◆ What to do ◆
Line by line, repeat the material below exactly and skip the images.
== Stored data
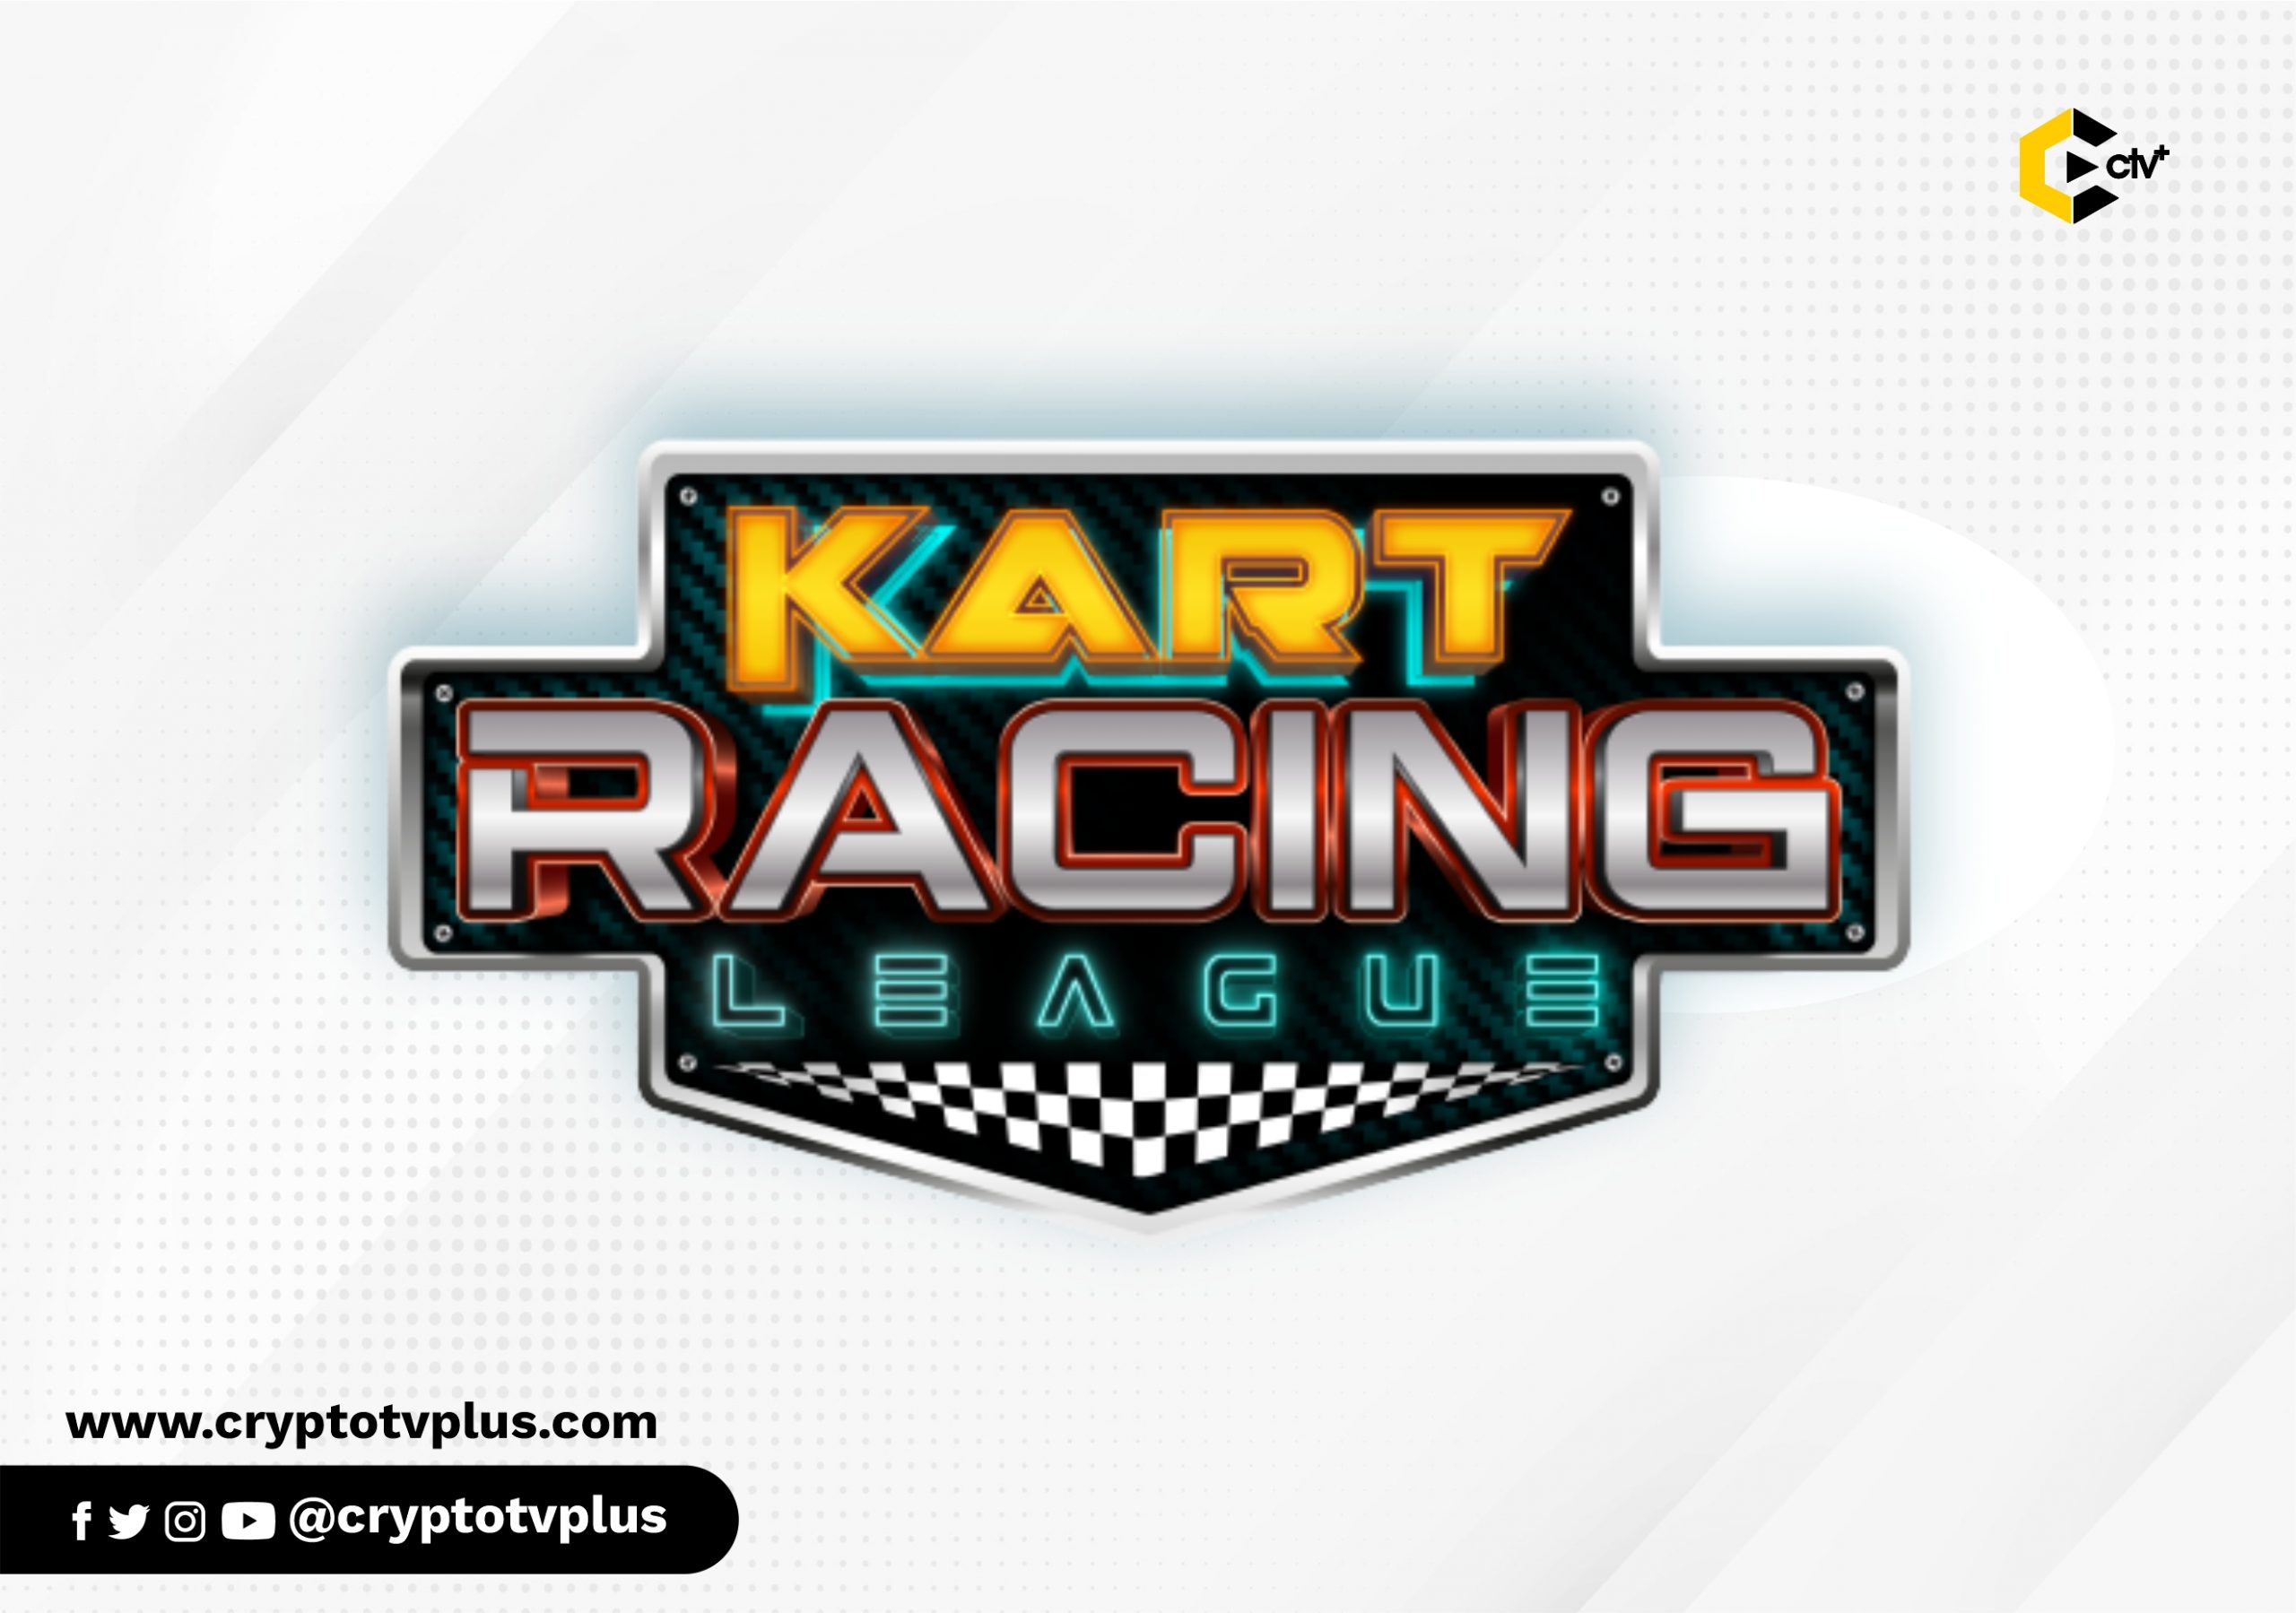 Kart Racing League: A Mario Kart-styled play-to-earn NFT game

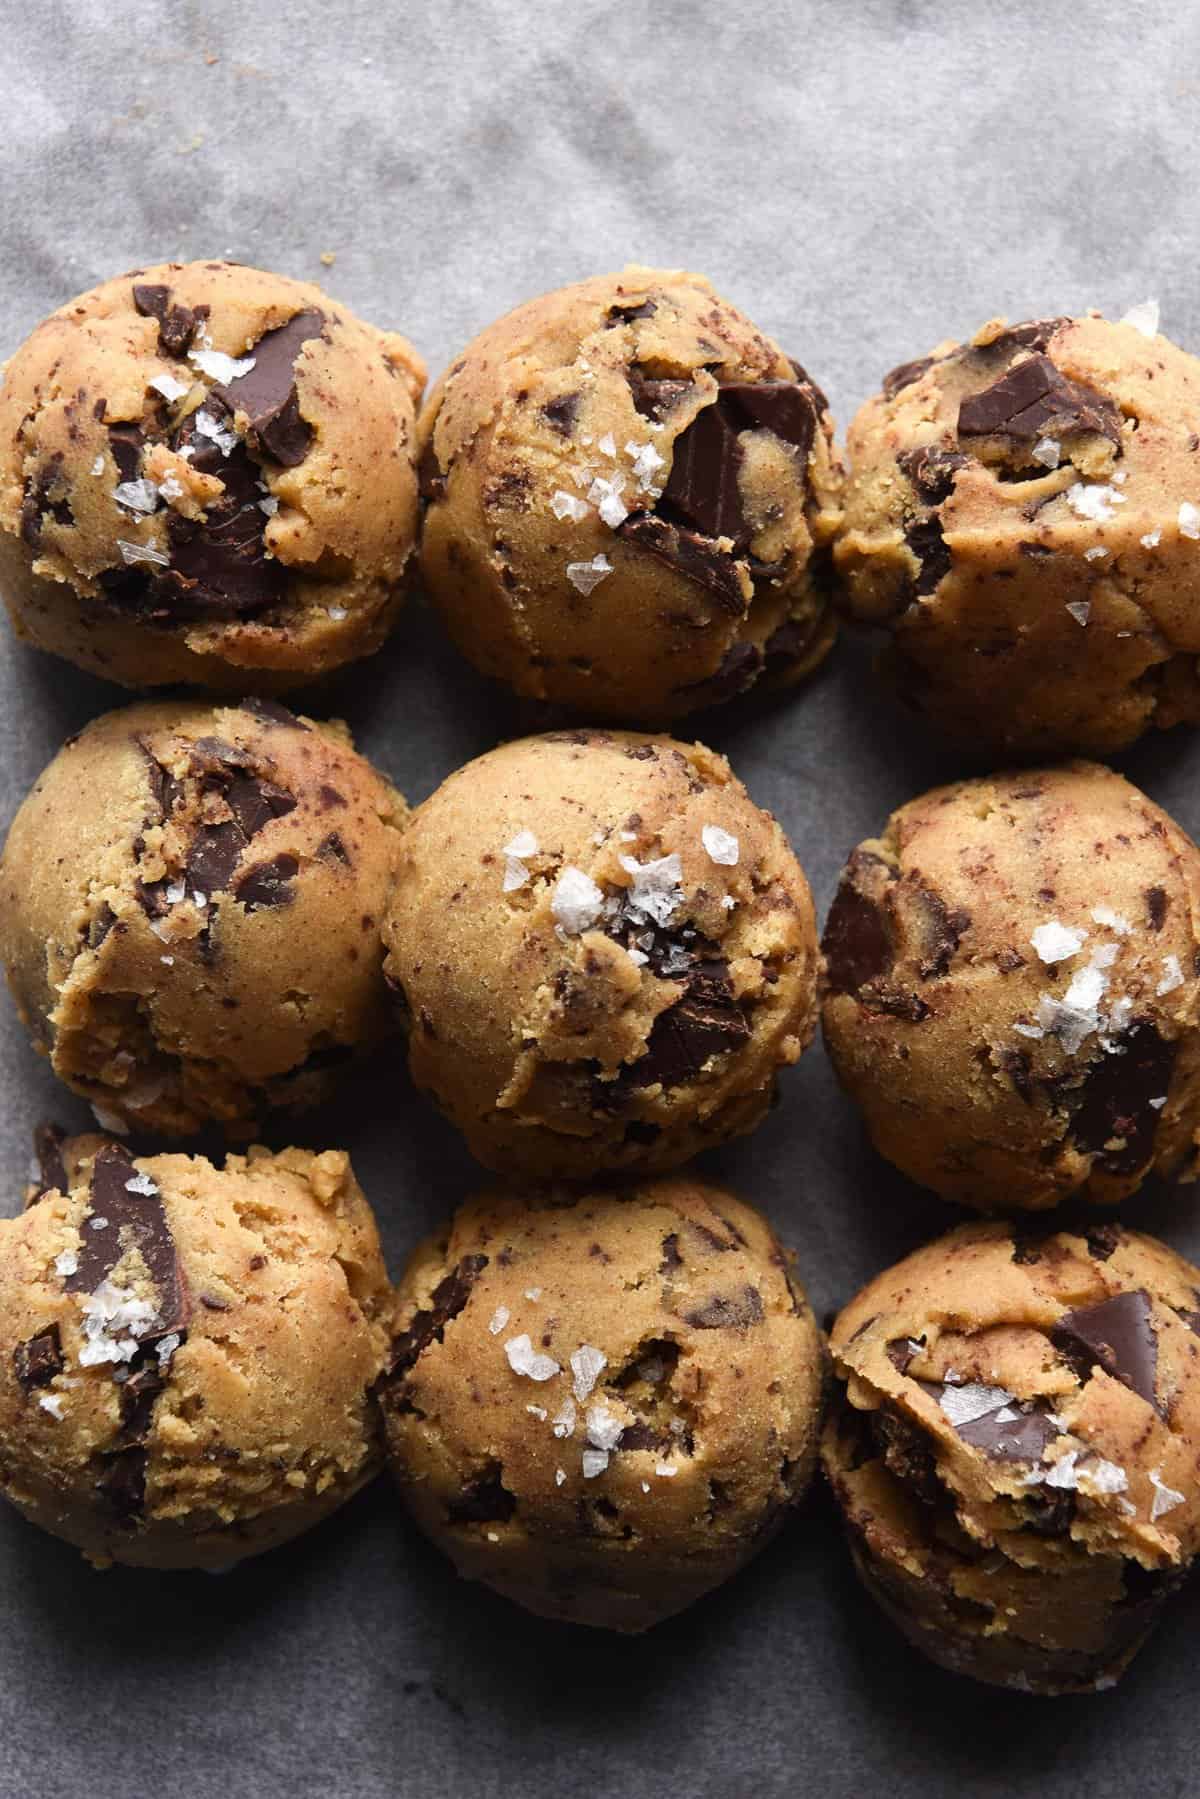 An aerial view of balls of uncooked gluten free choc chip cookie dough on a tray lined with baking paper. Some of the dough balls are sprinkled with salt
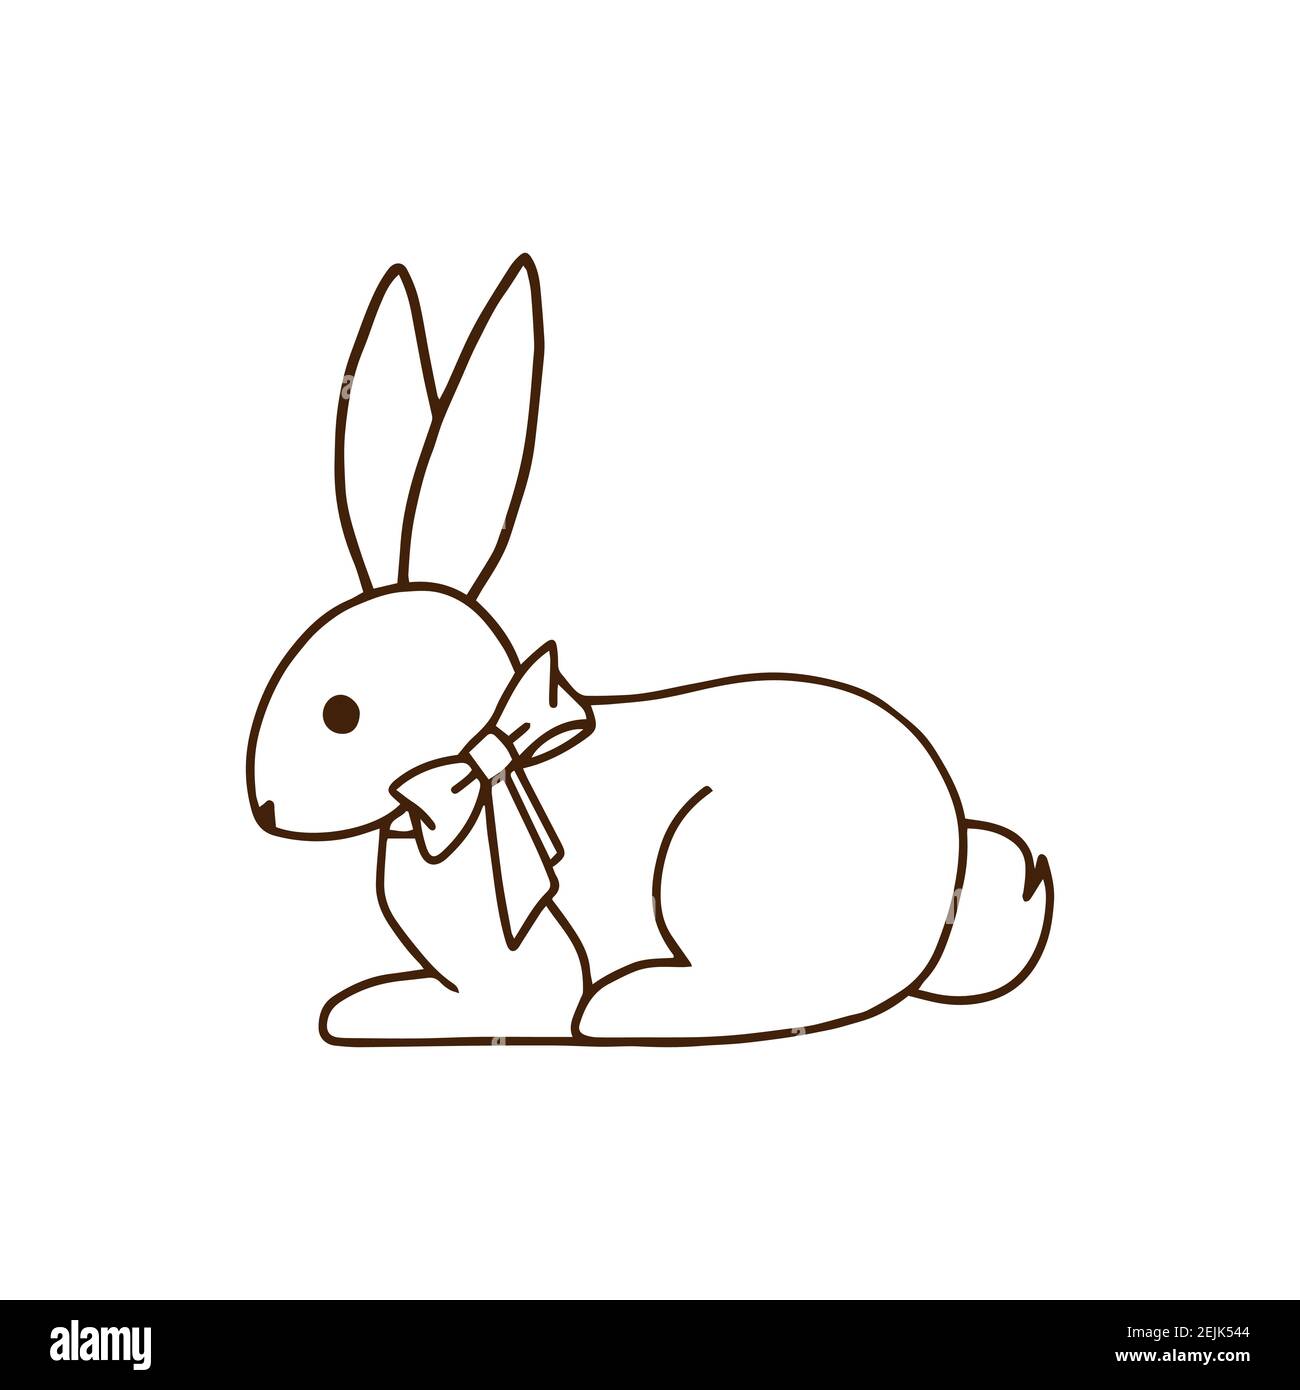 Bunny Drawing - How To Draw A Bunny Step By Step
====
◆ Output of the task ◆
 Kart Racing League: A Mario Kart-styled play-to-earn NFT game

 An aerial view of balls of uncooked gluten free choc chip cookie dough on a tray lined with baking paper. Some of the dough balls are sprinkled with salt
 Bunny Drawing - How To Draw A Bunny Step By Step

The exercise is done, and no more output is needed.